When Lake City acquired a post office in our key year of 1886, Springer sprang an appointment as its first postmaster. When the railroad came and a site was needed for a terminal and a new town, Springer sprang his 240-acre farm upon both the railroad company and the subdividers platting out the blocks of the new city (which shows on its various parts “Springer Addition,” “Springer’s Grove,” “Springer Estate,” and “Springer Block”). When the town was incorporated in 1898 as Lake City, he sprang upon it his candidacy for mayor and was elected its first mayor while getting himself reappointed perennially as postmaster. What wars of competition between Springer and Judge Craddock were settled in the wooden courthouse can only be imagined. One can assume that the town was big enough for both of them, or was in the process of becoming so as a result of their competitive efforts. When Craddock started his sawmill, Springer started one, too. But Springer was almost twenty years older than Craddock, and all that was left for Springer to spring upon the town, now that it had reached its optimum life, was an establishment to take care of its dying: he opened an undertaker’s parlor.
Although Lake City Cemetery would be eschewed by Springer himself (as well as two of his wives, and his children), the customers of his funeral home are buried here. Plug points out the grave of B. J. Harrison, who, with Judge Craddock and Allen Springer, makes up the triumvirate of the Lake City power establishment.

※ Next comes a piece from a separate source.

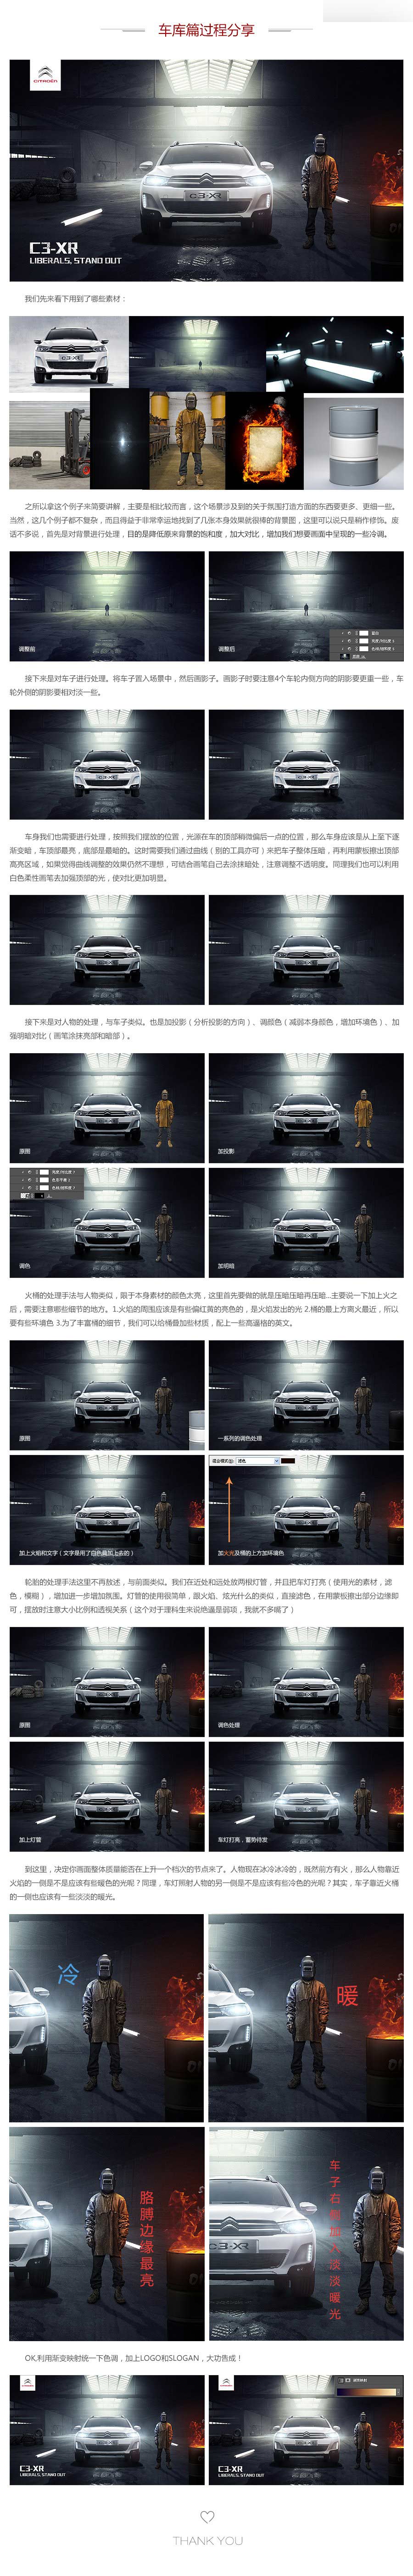 Photoshop设计时尚炫酷大气的雪铁龙C3-XR汽车海报

Befitting a tycoon, Benjamin J. Harrison (not named for his contemporary, the United States president from 1889 to 1893) was known simply as “B.J.” to his associates, friends, and family. A year younger than Allen Springer, he fought on the opposite side in the Civil War, a sergeant with the Rebels; unlike Springer, whose three wives came from Indiana and Illinois, B.J. married a local girl in Craighead County and set up their postwar farmstead south of Lake City. In the Reconstruction years, beset by carpetbaggers, ex-Rebel B.J. organized a local chapter of the Ku Klux Klan, and when that organization was declared illegal and forced to disband, organized a kind of antijayhawker band of vigilantes who made life rough for the lawless bandits roaming the countryside. B.J. personally killed the ringleader of the gang and drove the rest of them into retirement, bringing a decade of peace to Lake City.

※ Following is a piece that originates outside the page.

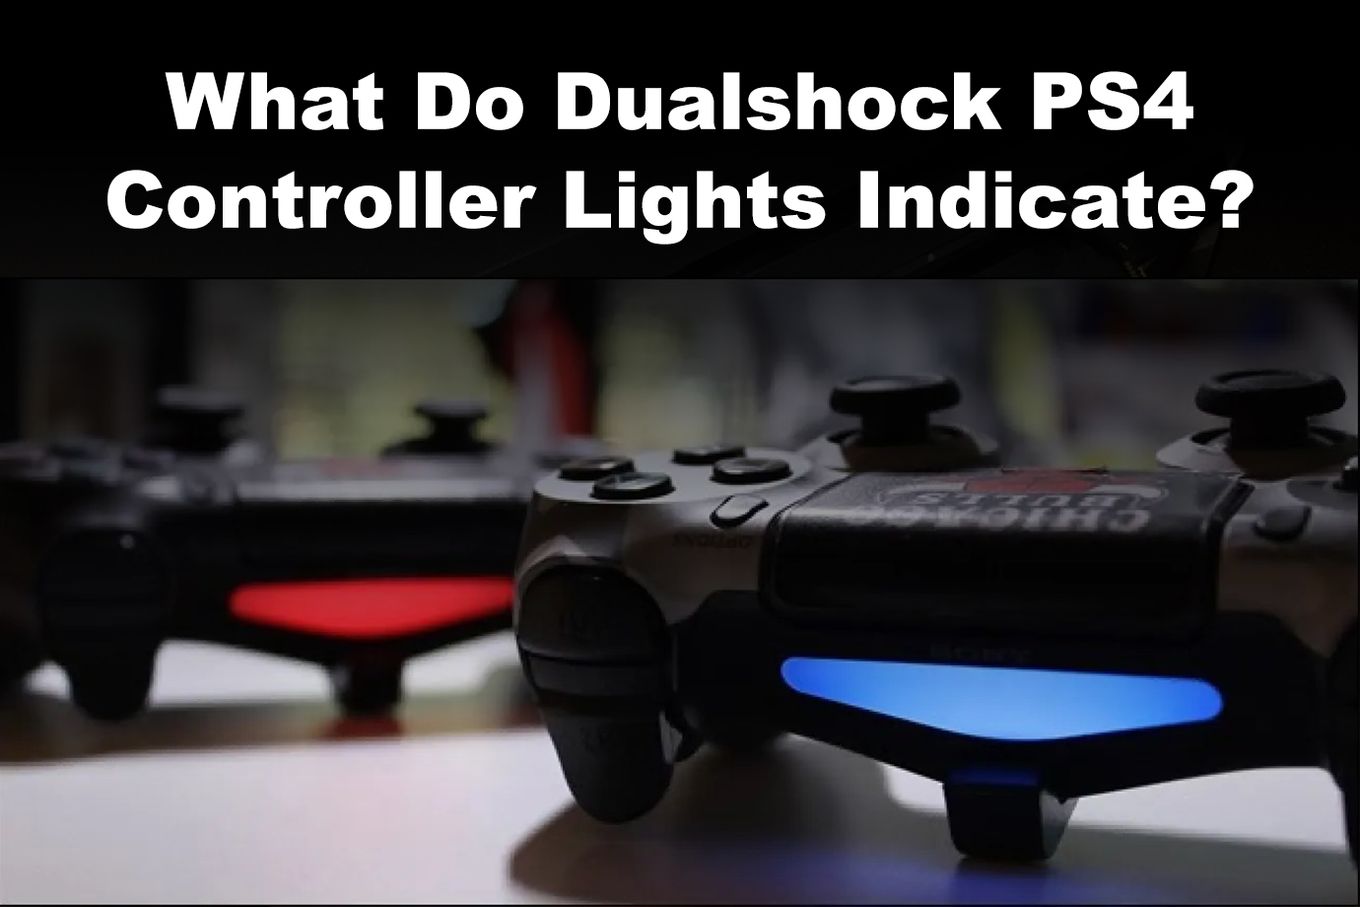 A DualShock 4’s light indicator turning red

During the bustling 1880s, Harrison began a daily commute from his farm to his general store in Lake City, Harrison Mercantile Company, competition for Allen Springer’s store at a time when Lake City’s population was only seventy-five. One day a fur trapper visiting his store became drunk and disorderly; B.J. evicted him with force and humiliation; the trapper returned in the night and set fire to the store, ending the Harrison Mercantile Company. B.J. sold his southern spread and bought a new farm right on the eastern edge of the village, adjoining the cemetery (“That white house you see right up there,” Plug points out, from the cruiser parked beside the cemetery, “that was B. J. Harrison’s farm when he moved to town”). On this farm he started an orchard of twelve hundred trees, and, walking distance from downtown Lake City, began to operate a cotton gin in competition with Judge Craddock’s, a gristmill without competition, and the Lake City Hotel.
Carefully he rebuilt his burned-out mercantile store and reopened for business, only to lose it again in the fire of 1904 that wiped out Oldtown and destroyed half of the new Lake City.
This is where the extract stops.